According to available reports, this backing allowed the loan to be set at an interest rate of 6%, a level not trivial for a capital-intensive company in the midst of a data center investment cycle. Essentially, the hardware becomes a financial asset: it’s not only the product being sold but also the collateral supporting the loan.

Ohio as the deployment hub and Brookfield behind the scenes

The rollout of these accelerators links to a new data center in Ohio developed by Canadian firm 5C with support from Brookfield, according to Reuters coverage. Crusoe has long positioned itself as an “energy-first” operator focused on scaling AI infrastructure with an emphasis on efficiency and energy use.

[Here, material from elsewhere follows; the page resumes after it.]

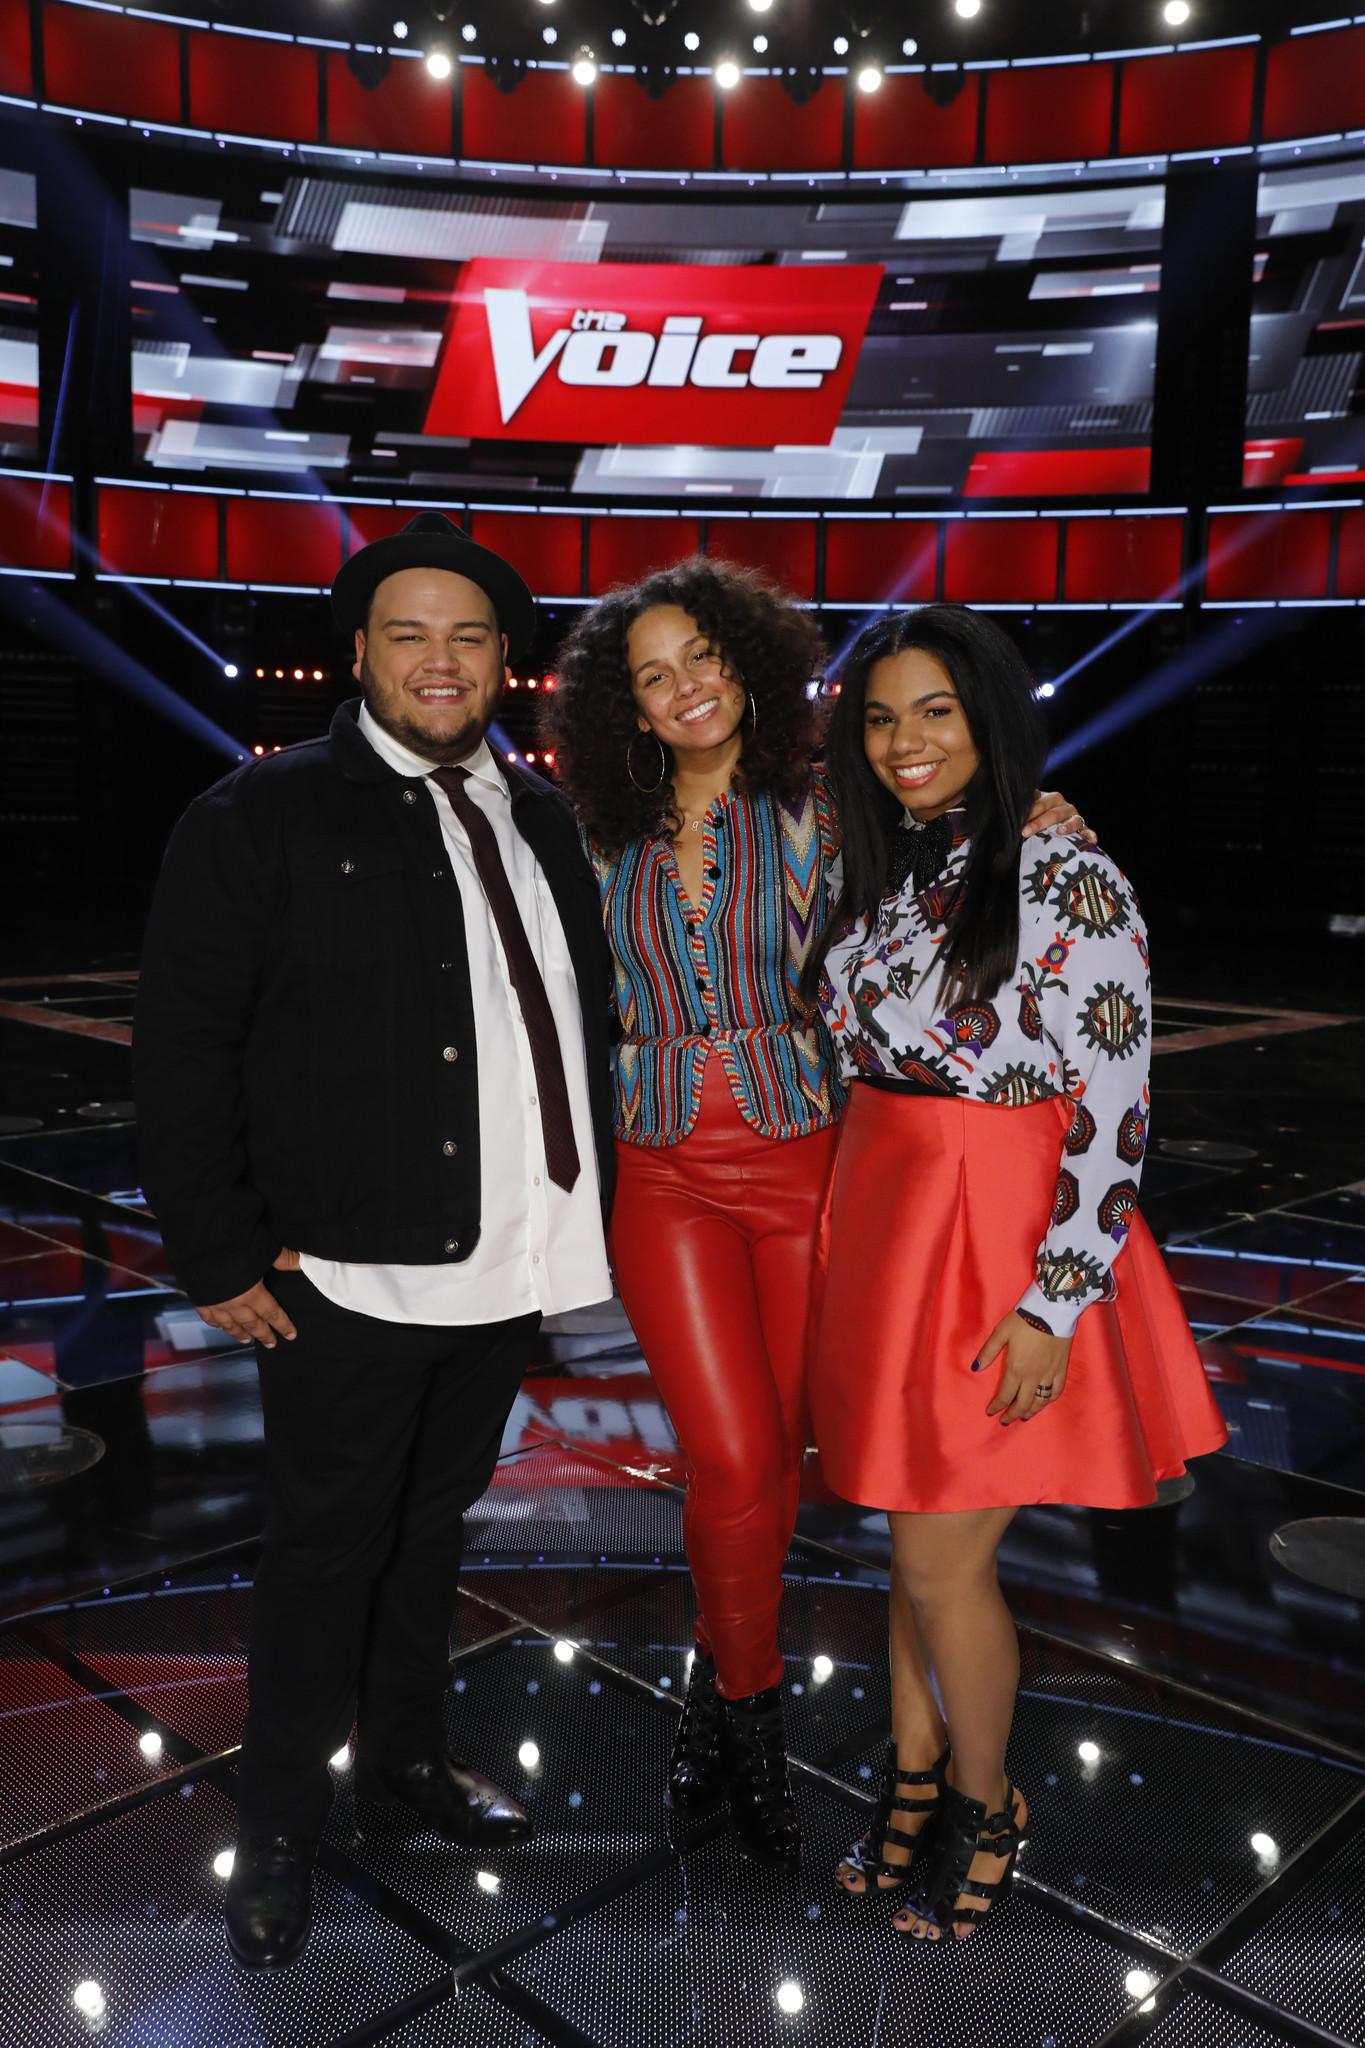 Orlando singer 'voice of generation,' Alicia Keys says

This isn’t Crusoe’s first significant financial lever: it previously announced a $750 million credit facility with Brookfield to accelerate what it calls “AI factories,” and it also disclosed a Series E funding round of $1.375 billion with a valuation exceeding $10 billion. In other words, this is a large-scale project, not a small experiment, reflecting a major budget commitment.

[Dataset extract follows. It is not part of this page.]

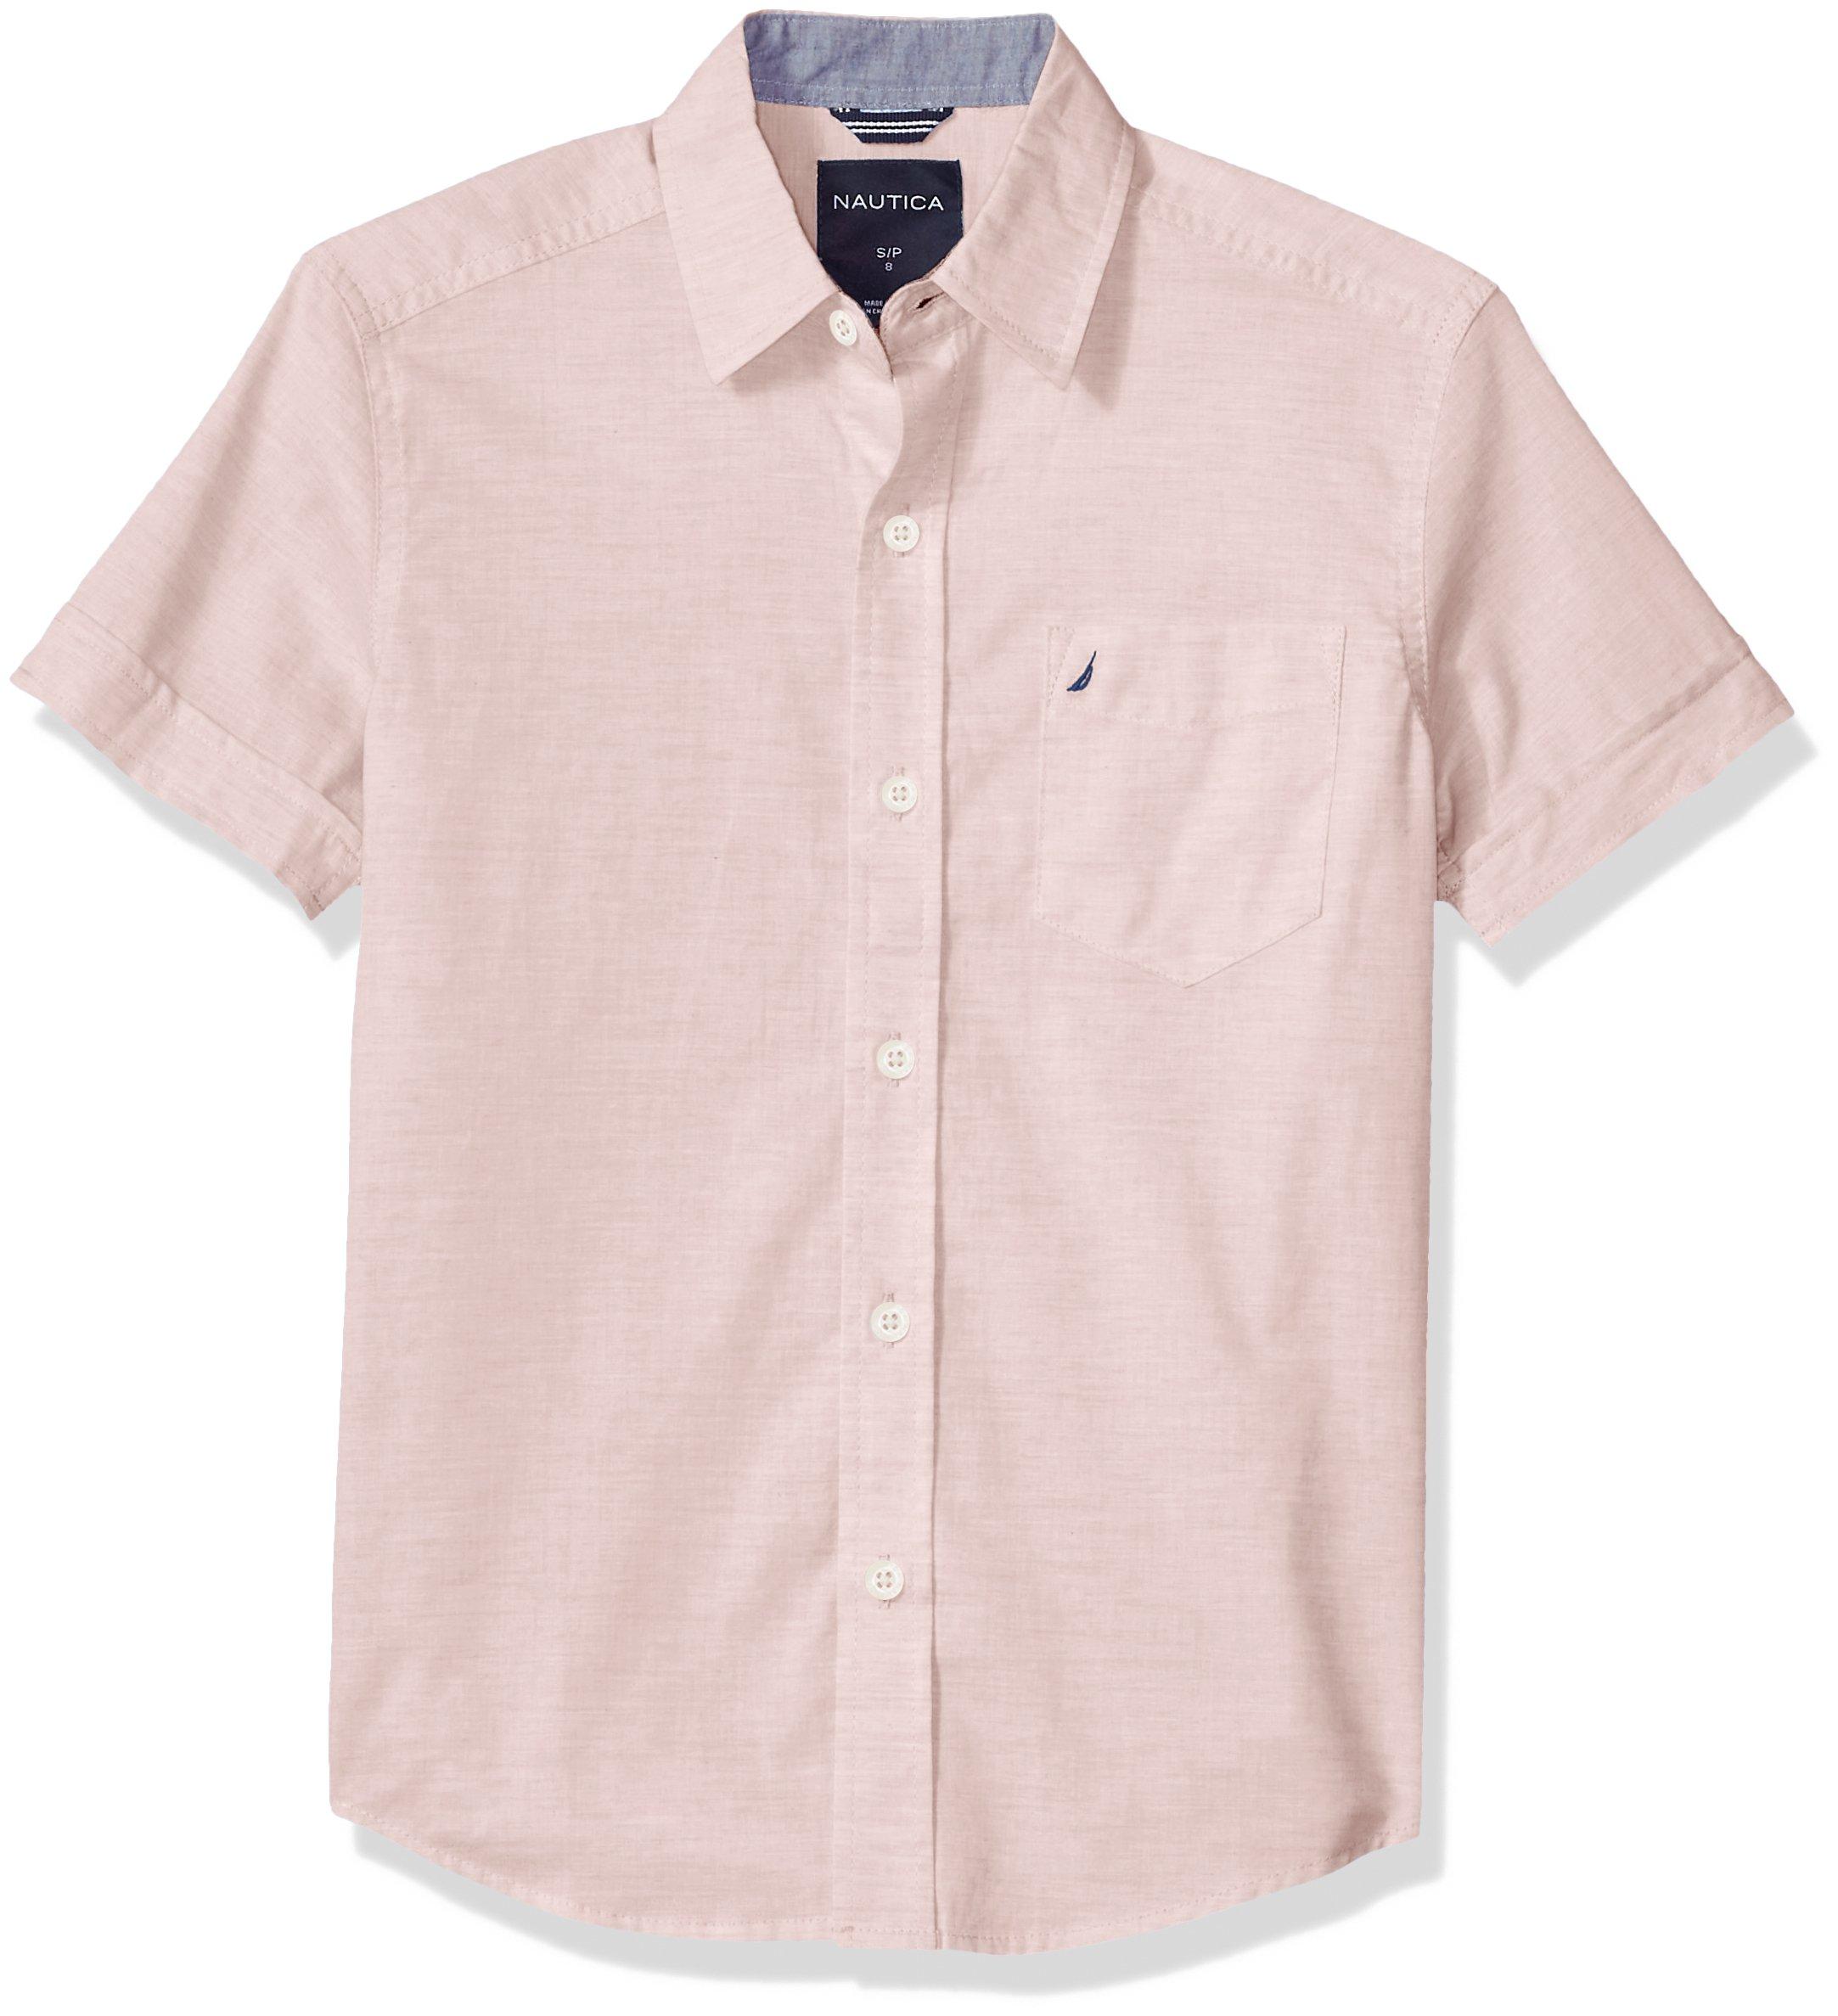 Nautica Boys' Little Short Sleeve Poplin Shirt, Sunair Peach, 5/6

Why this move resembles NVIDIA’s playbook

The similarity to NVIDIA’s strategies arises from a specific precedent: in 2025, Reuters reported an agreement in which NVIDIA committed to buying unused capacity from CoreWeave (up to $6.3 billion)—a buffer to reduce demand risk for the GPU-focused cloud operator. Such schemes—where chip providers help stabilize clients’ revenue streams to enable continued hardware purchases and deployments—are seen as ways to accelerate the growth of “GPU cloud” services when demand is strong but capital expenditure (CAPEX) is huge.

In AMD and Crusoe’s case, the structure shifts (guarantees and back leasing instead of capacity purchase), but the logic remains: reducing risk to accelerate deployment.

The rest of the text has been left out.